Specializes in Critical Care.

I think the ultimate goal of all nurses is to see our patients improve. However, there are times when death would be better than the life we can offer the patient. I work in ICU and there are times when the families make the patients full codes and I think that is a crime. To see an 80 lb cancer patient on a ventilator , vasopressors, cardioverted, cpr, etc.. and you know all you are doing is inflicting pain is cruel. I blame the physicians for not be straightforward with the families and letting us keep the patients comfortable and let nature take it's course. I have actually heard physicians telling medical residents, the patient has no chance but get the family to consent for arterial lines, swan ganz catheters, etc... as it will be a good learning experience for you. There are other scenerios I have witnessed such as family members wanting the government check to keep coming in so they insist everything be done to keep the patient alive even if they are suffering. Suggesting an ethics meeting is another problem as most physicians don't want to be involved. How sad.

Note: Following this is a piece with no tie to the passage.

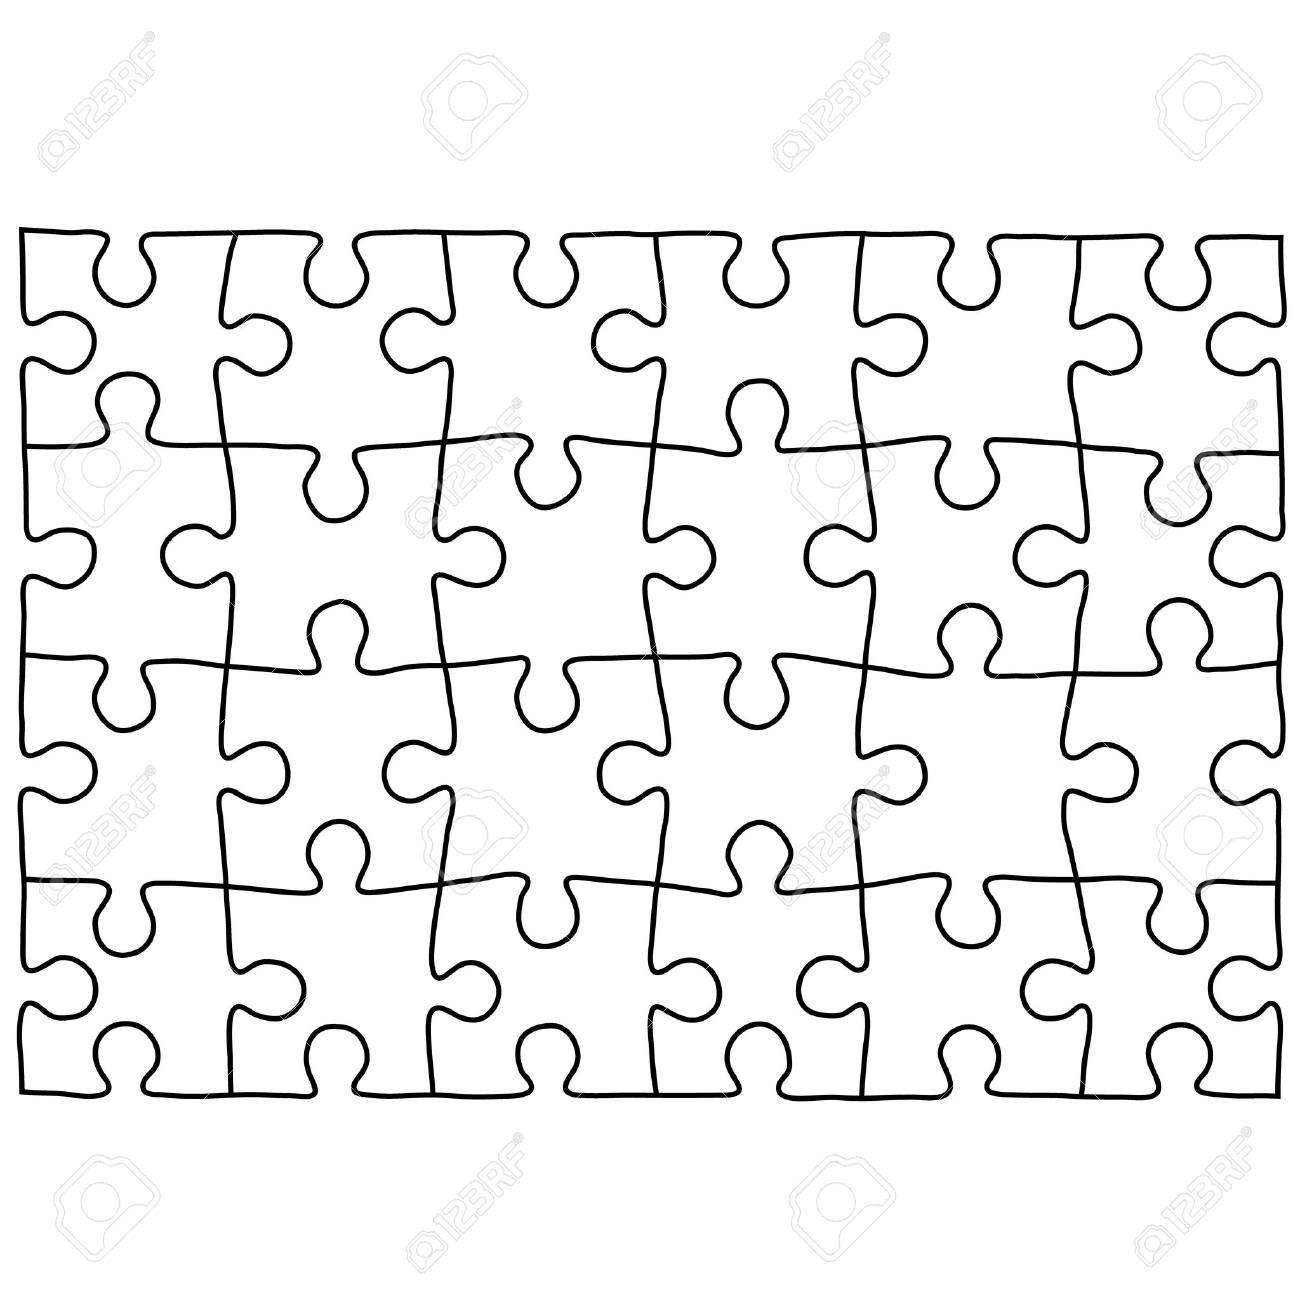 Gemütlich Leere Puzzle Vorlage Bilder - Beispielzusammenfassung ...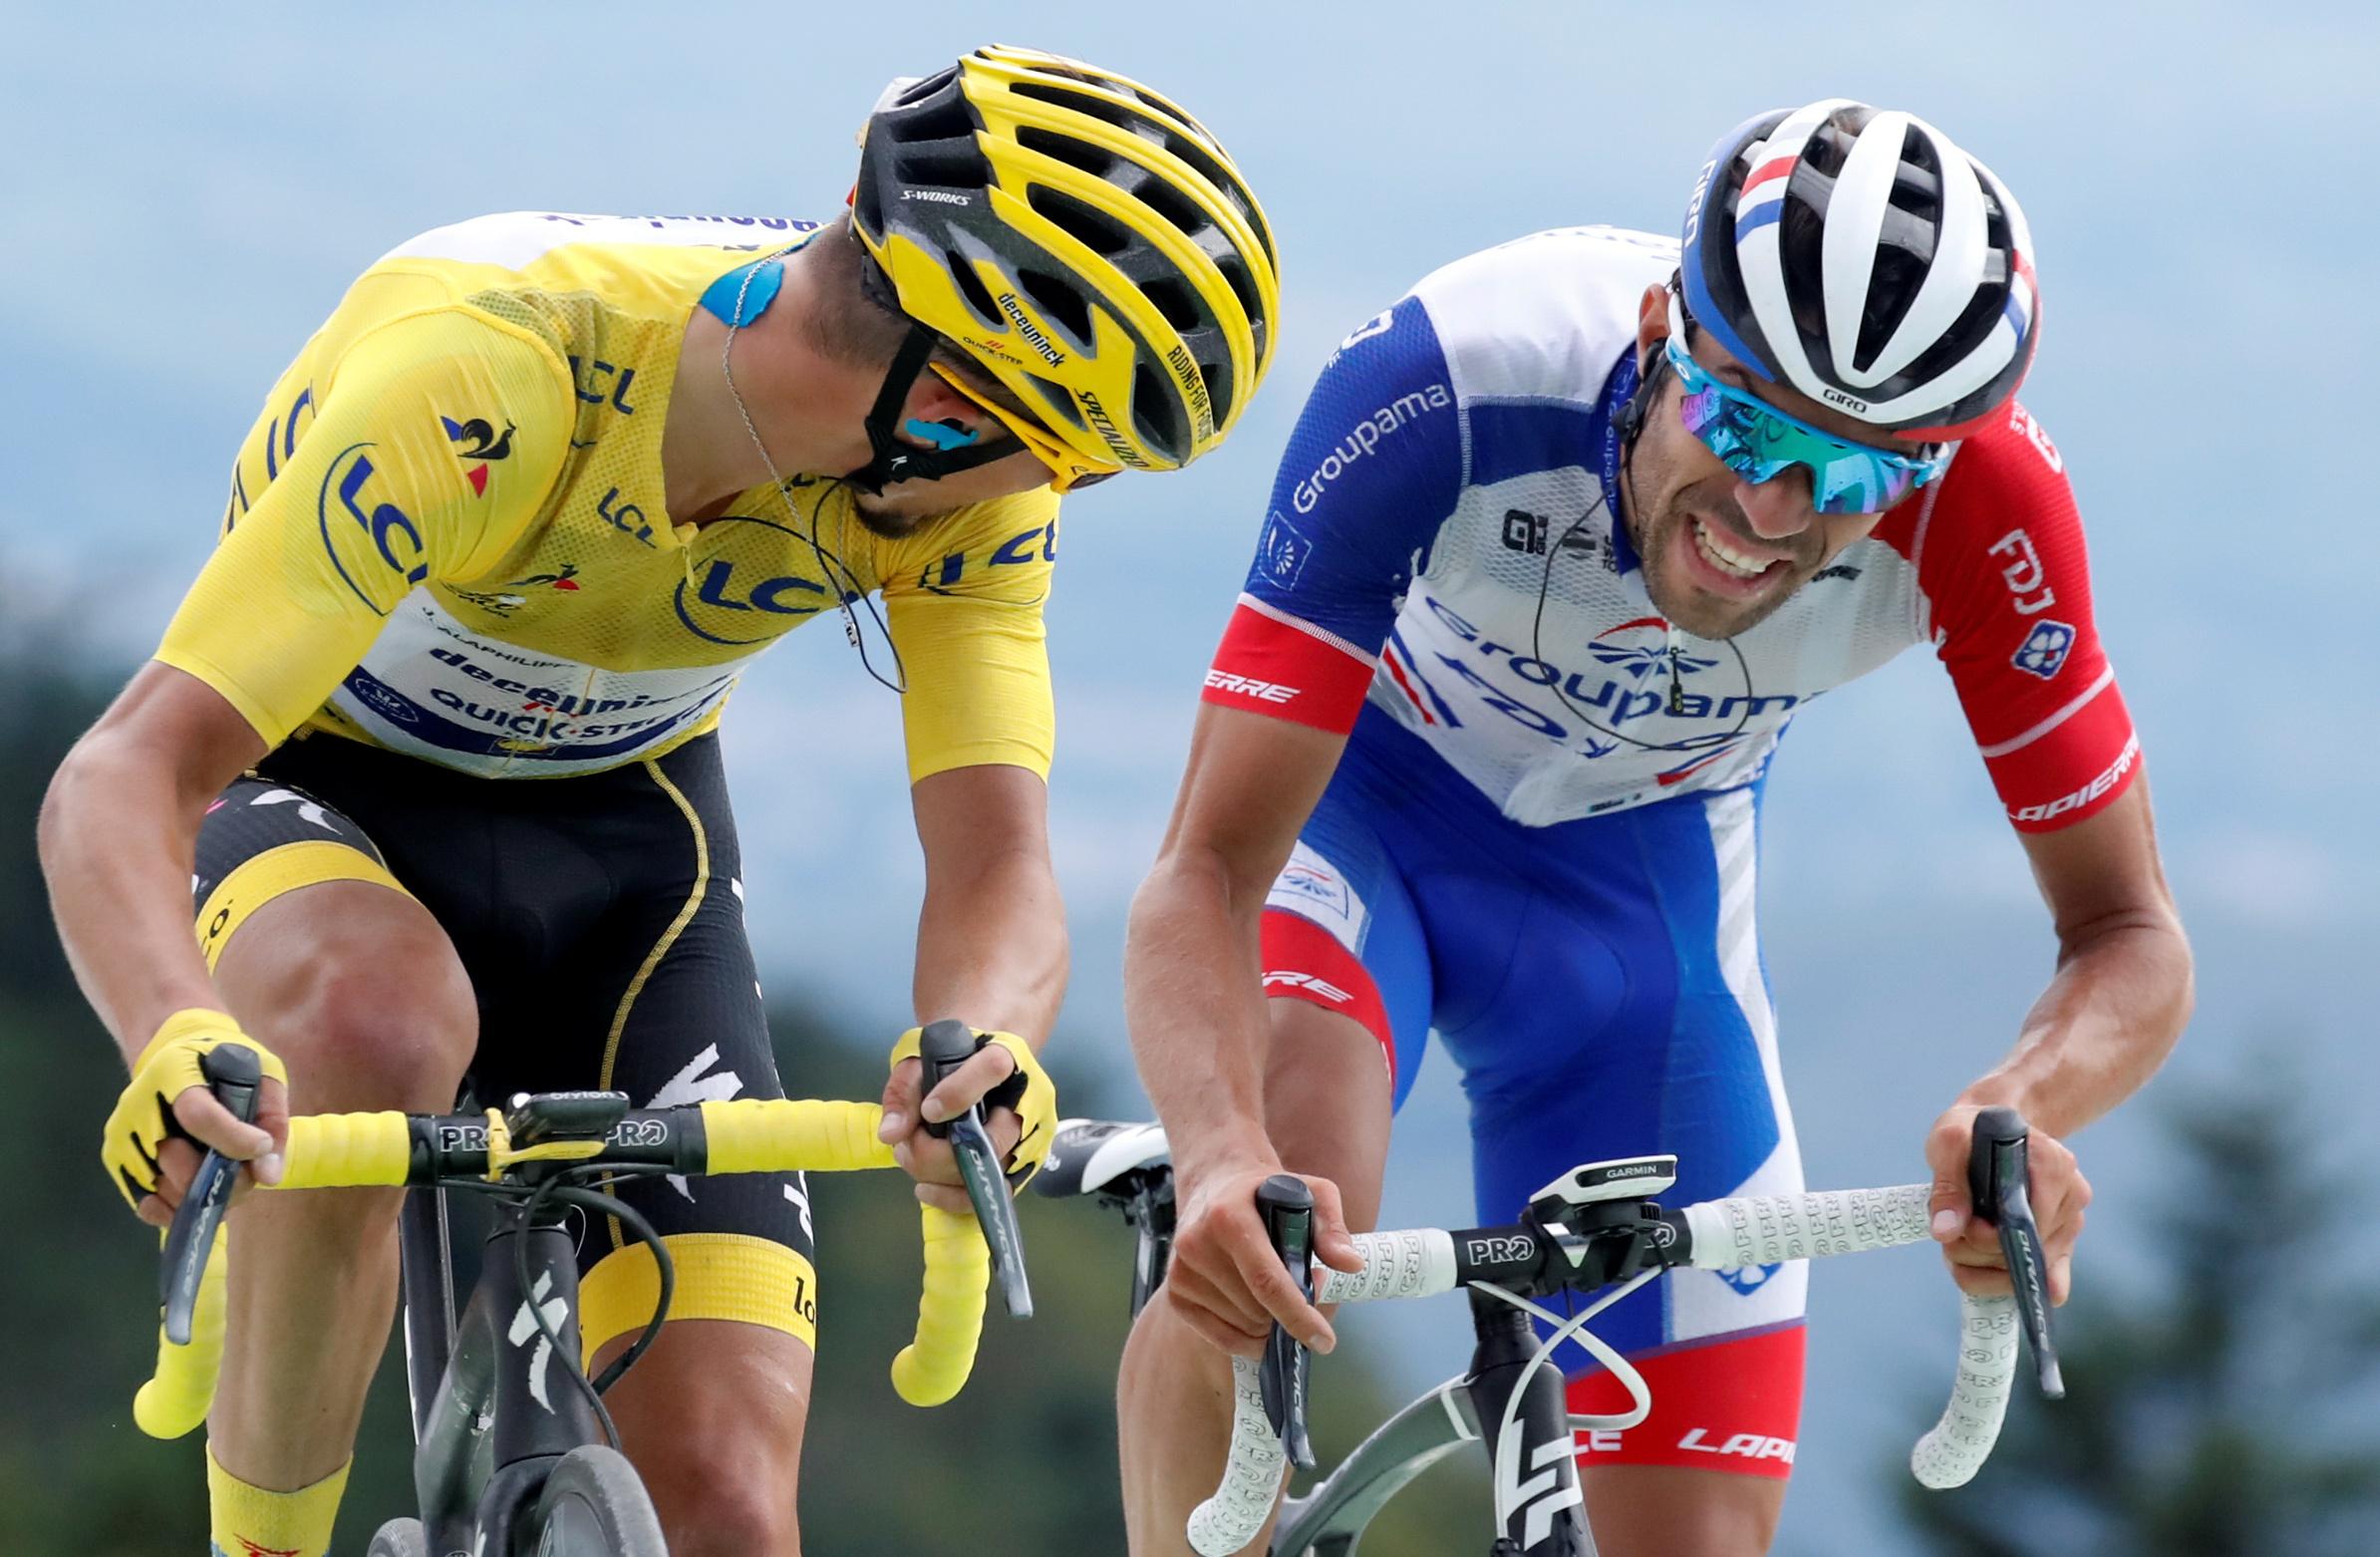 Cyclisme - Tour de France - Pinot, 5e au sommet de La Planche des Belles Filles : «Je suis avec les meilleurs»

my friend has the last stages of ovarian cancer i would like to know if anyone can tell me what to look for.When they call in hospice is that a bad sign?

Specializes in ER, Hospice, CCU, PCU.

Bad for Whom....In most of my experiences hospice is called in to help give the patient and the family much needed support. The patient is allowed to direct any further therapy with an emphases on dignity, peacefulness and pain management.

This time allows the patient and his/her family time to say and do the things important to them and to come to terns with the disease process. Usually by this time the patient has chosen to forgo any further testing and treatment other than confort and pain control.

As you said, your firend is in the last stages of her disease. She now needs her family and friends to understand and support her decision to pass away confortably,peacefully and in a loving environment. Go to her and be with her. Reminise about the times you had, hold her hand and tell her that you care,

This is one of the most important times in a persons life, and the transition from this life to the next is made so much easier by the skill of the hospise nurses and the care of the family and friends. Although we must all make this last trip alone, it has to be much easier when you are surrounded by love.

My first experience with a death was actually my first day of orientation as a nursing assistant about six years ago. The lady had already died, and the first thing my preceptor decided to train me on was post-mortem care.

I couldn't stop giggling! :eek:

It was a combination of many things, mostly the fact that I had never encountered such a situation before. At the same time, I felt terrible laughing at what I percieved to be such a somber time.

On the other hand, I personally have never felt sad at death itself. Certainly the circumstances may be tragic (trauma, child, etc.), but I find that the actual pain of the situation is usually not caused by the death of a patient, rather the reactions of family and friends who have lost a loved one.

Death is inevitable. No matter how we try to avoid it, we all will die. In fact, I think much of the tragidy surrounding death stems from the fact that as a society we try so hard to fight it. Many times death is more of a blessing than a curse. Those who have already passed have been relieved of a lot of misery and no longer care about their corporeal being.

Even the death of youth need not be tragic. It is simply that the time has come. As I mentioned before, though, trauma, or deaths involving a lot of pain change the circumstances.

When a patient of mine dies, watching and helping the family makes it difficult. No one can deny that loosing a loved one is one of the most painful experiences we can endur. Having lost many close to me, I understand that, perhaps, better than most.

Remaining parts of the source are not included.